US and Chinese companies dominate list of most-polluting coal plants
The 100 global power companies most at risk from growing pressure to shut highly polluting coal plants have been revealed in a new report from Oxford University.
Chinese companies dominate the top of the ranking but US companies, including Warren Buffett’s Berkshire Hathaway, occupy 10 of the top 25 places.
The analysis, produced to help investors assess the risk of major financial losses, also found French energy giant GDF Suez was third in the list of most polluting coal station fleets in the world.
Coal currently provides 40% of the world’s electricity and three-quarters of this is produced by the most-polluting, least-efficient and oldest “sub-critical” coal-fired power stations. The International Energy Agency calculates that one in four of these sub-critical plants must close within five years, if the world’s governments are to keep their pledge to limit global warming to 2C.
The new analysis ranked the companies by how much electricity they produced from sub-critical plants. The major German utilities RWE and E.ON both appeared in the top 25, along with South Africa’s Eskom and Australia’s AGL Energy.
“Sub-critical coal-fired power stations are the first thing we need to kill off if we want to tackle climate change,” said Ben Caldecott, the report’s lead author and director of the Stranded Assets Programme at Oxford University. As well as carbon emissions, the air pollution and pressure on water resources caused by these coal plants were also analysed.
Caldecott said some Chinese coal plants were already being closed due to public anger over air pollution, while others in India have been unable to operate for months at a time due to a lack of water. However, subcritical coal-fired power stations continue to be built, despite producing 75% more carbon pollution and using 67% more water as the most efficient – but more costly – plants.
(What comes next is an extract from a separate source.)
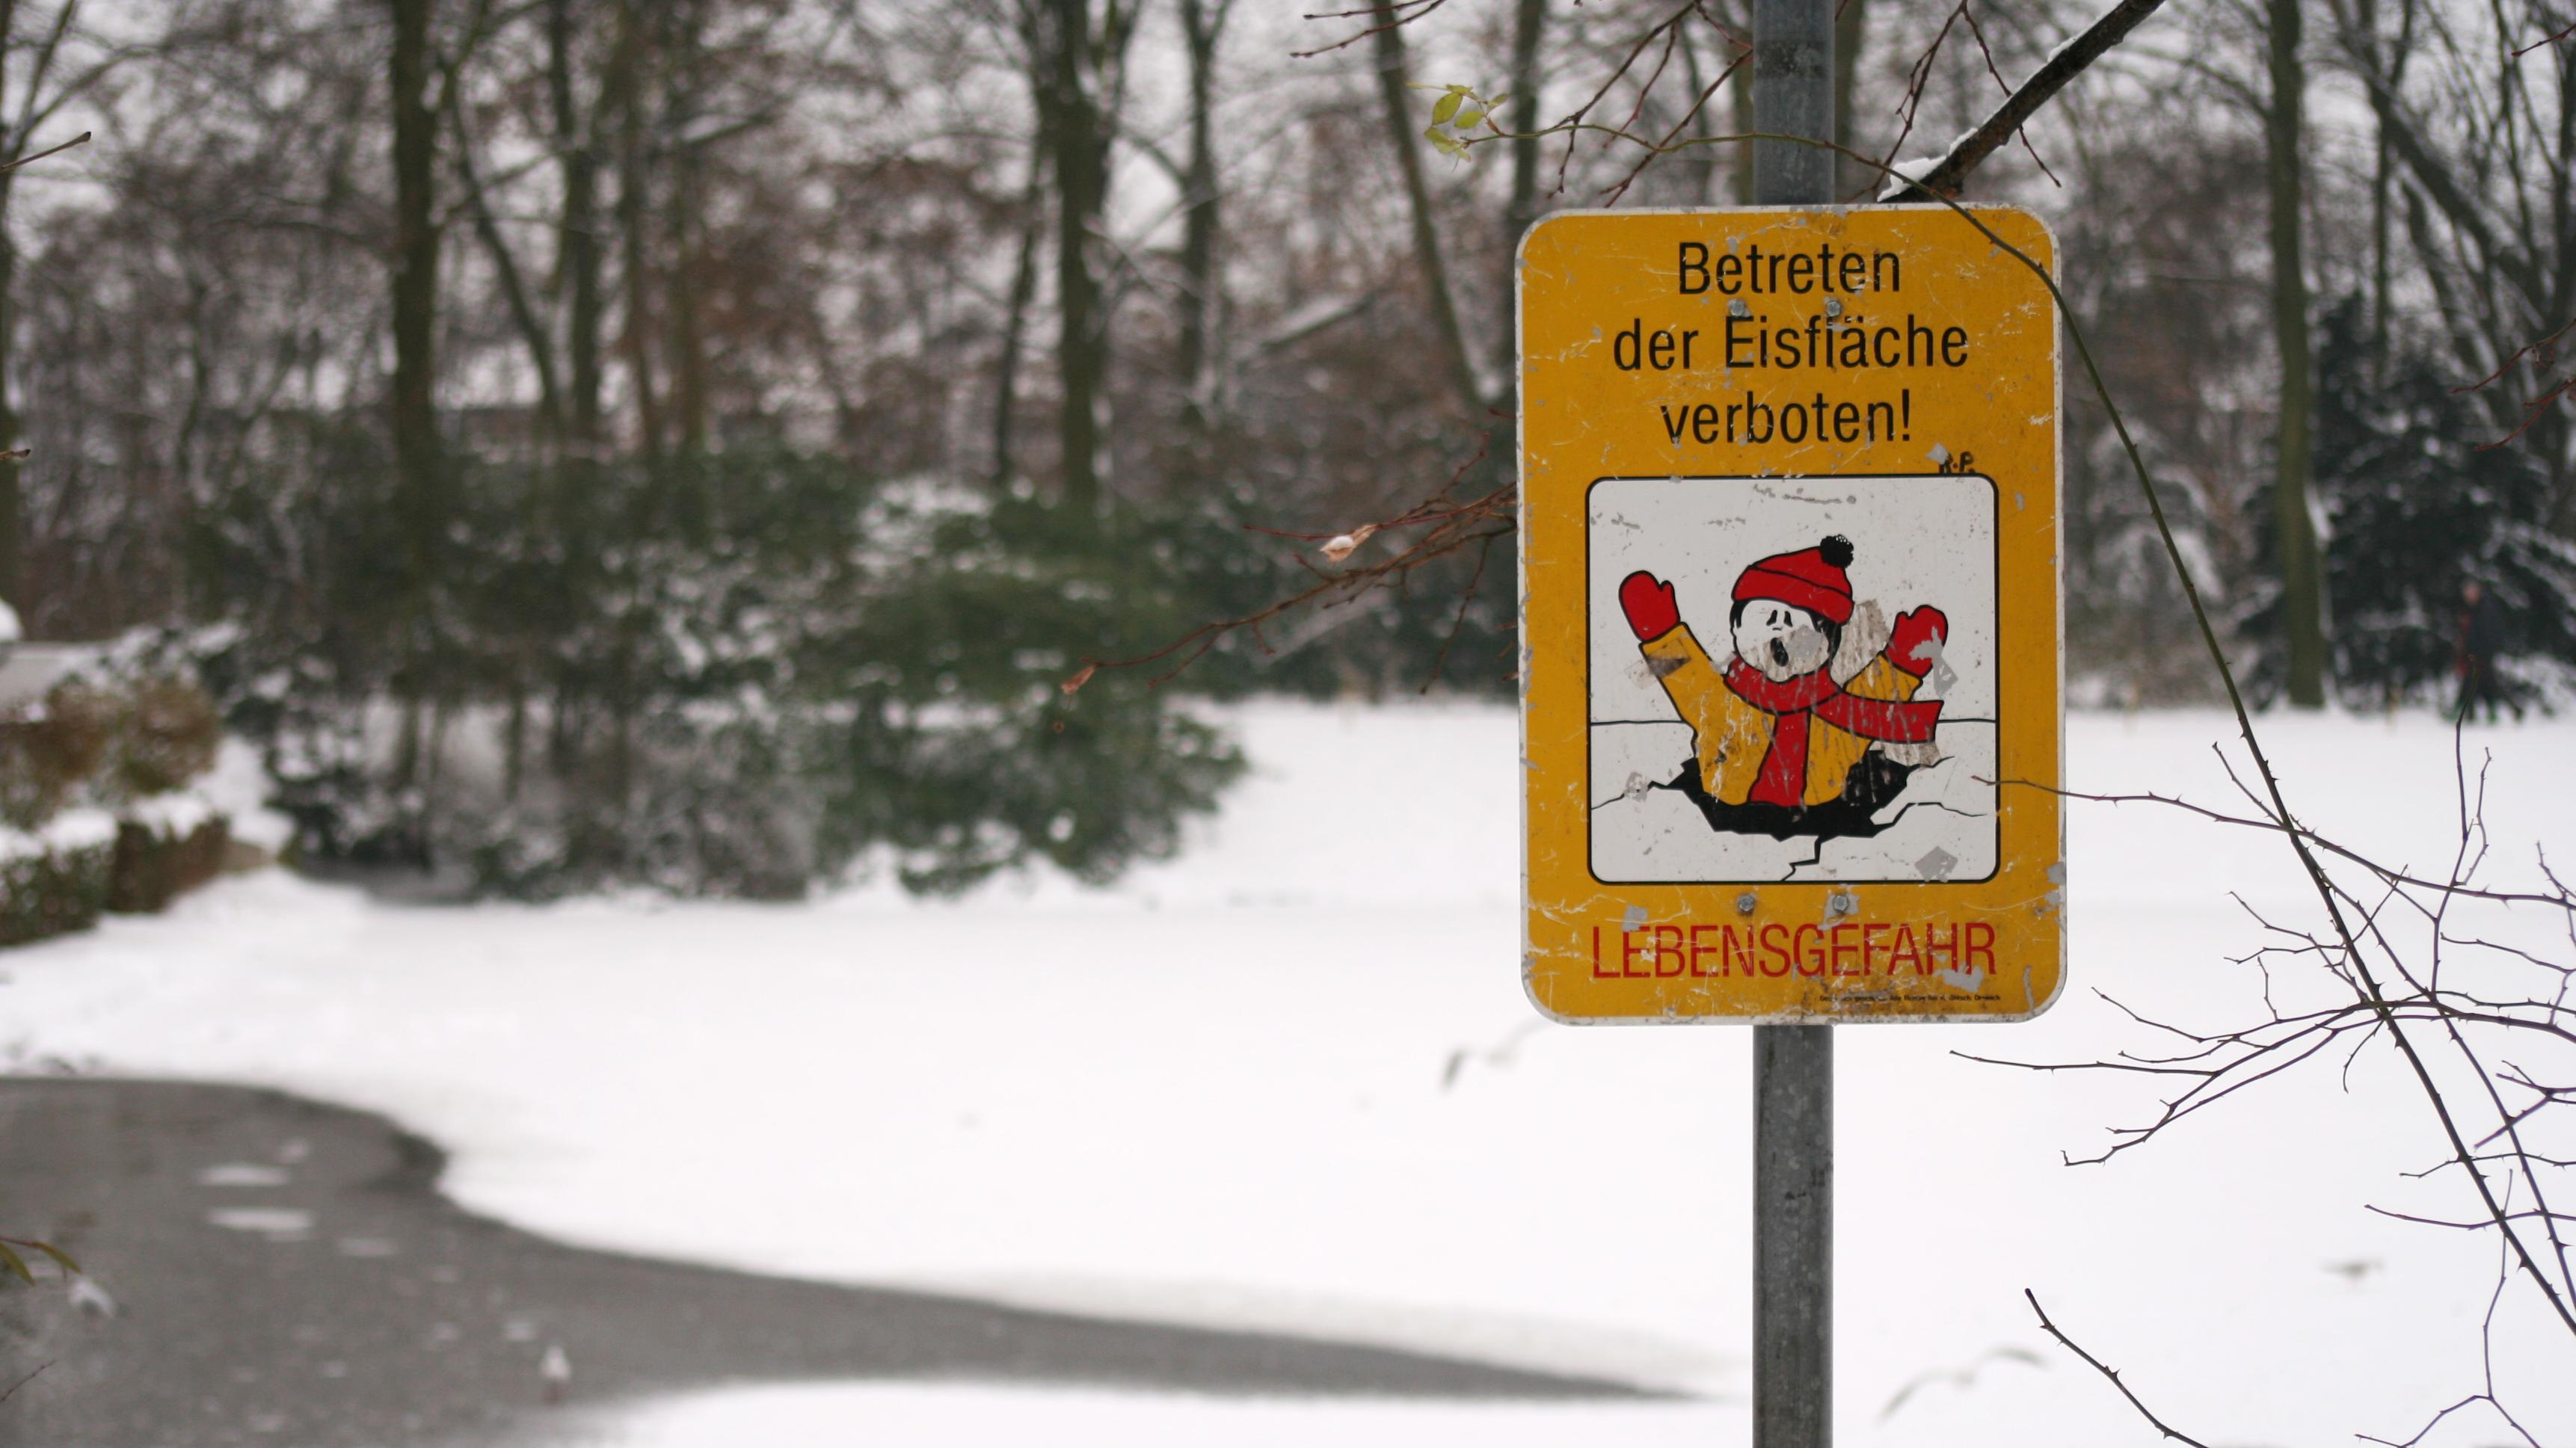 Ein Schild warnt an einem kleinen See vor dem Betreten der Eisfläche.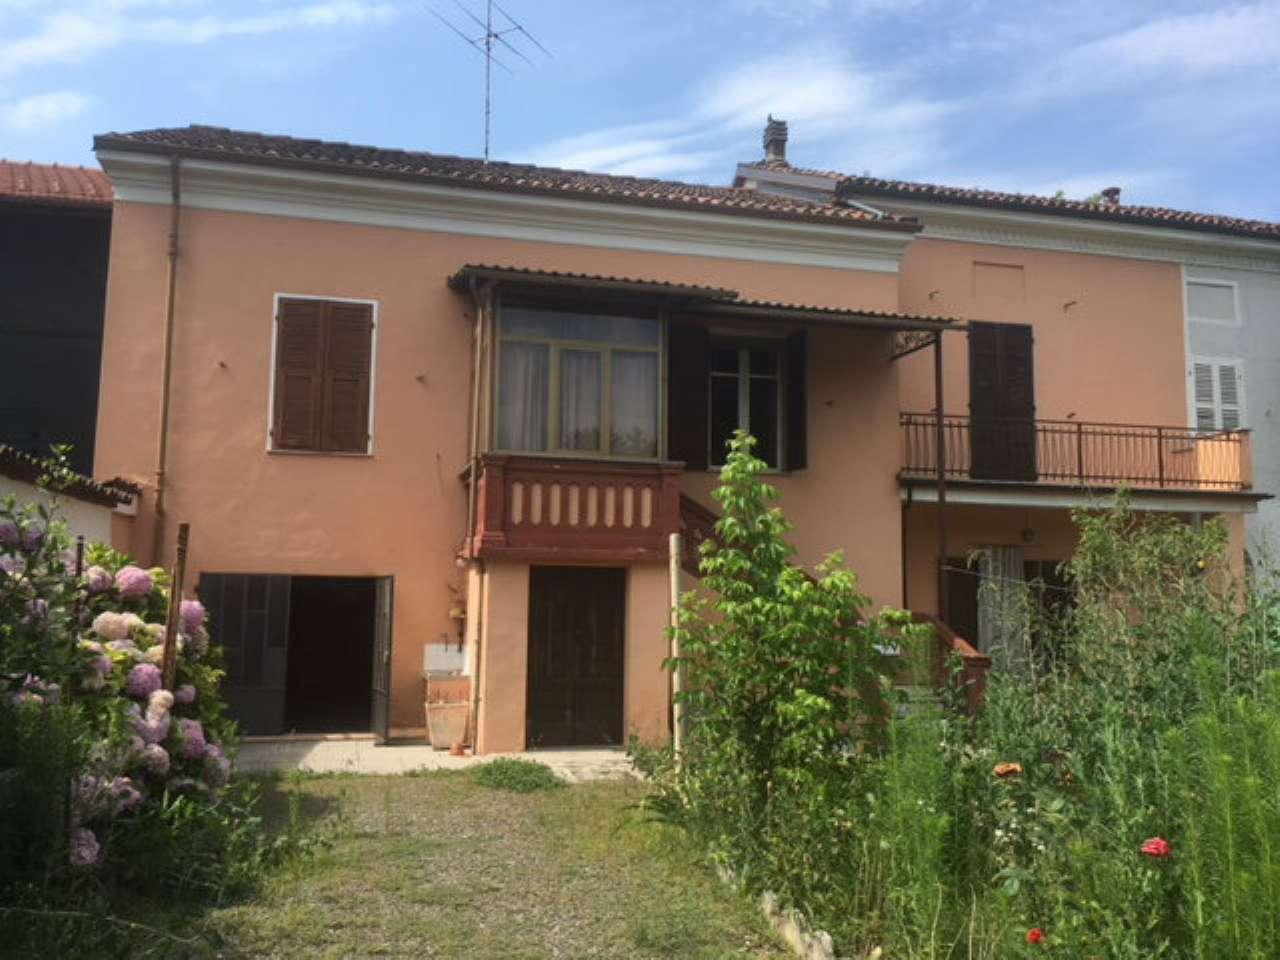 Soluzione Indipendente in vendita a Frugarolo, 5 locali, prezzo € 140.000 | PortaleAgenzieImmobiliari.it

In the US, new regulations on carbon emissions could see coal companies lose $28bn (£19bn) in value, according to one recent analysis. The US companies in the top 25 of the Oxford ranking have 109 sub-critical stations between them. “These are assets that could become stranded because of environmental restrictions,” said Caldecott.
Major financial institutions, including the Bank of England, World Bank, Citi, Goldman Sachs and HSBC, have warned that action to tackle climate change may harm investments in fossil fuels. A series of analyses have shown that most existing reserves of fossil fuels cannot be burned without blowing the safe budget for carbon emissions and a study in January indicated that 80% of known coal reserves would have to stay in the ground.
Zoe Knight, head of HSBC’s Climate Change Centre of Excellence, said: “The [ Oxford] research will help investors to understand the material environmental risks associated with sub-critical coal, as well as levels of company exposure to them.”
“It is obvious that many sub-critical coal plants will have to shut down if we are to get close to staying within our carbon budget,” said James Leaton, director of research at the Carbon Tracker Initiative. “This will have a major effect on demand for coal going forward, as evidenced by Chinese demand for thermal coal peaking in 2014.”
However, Benjamin Sporton, acting chief executive of the World Coal Association(WCA), said: “Coal use is set to grow by around 17% in the next 20 years [because] it is affordable, reliable and abundantly available.”
Sporton said the WCA was promoting the adoption of high efficiency, low emissions coal technologies: “The objective is to raise the global average efficiency of coal-fired power plants and so minimise CO2 emissions, whilst maintaining legitimate economic development and poverty alleviation efforts.”
He said increasing the efficiency of the global coal fleet from 33% today to 40% could be done with current technology and would save about 2bn tonnes per year, roughly equivalent to India’s total annual emissions.
A spokesman for GDF Suez did not address why its 10 sub-critical coal plants had higher pollution levels than any other company, except for two small companies in India. He said the company was “conscious of its responsibility and of its major role in the energy transition [and] has set ambitious environmental objectives”, including reducing its own CO2 emissions by 10% by 2020.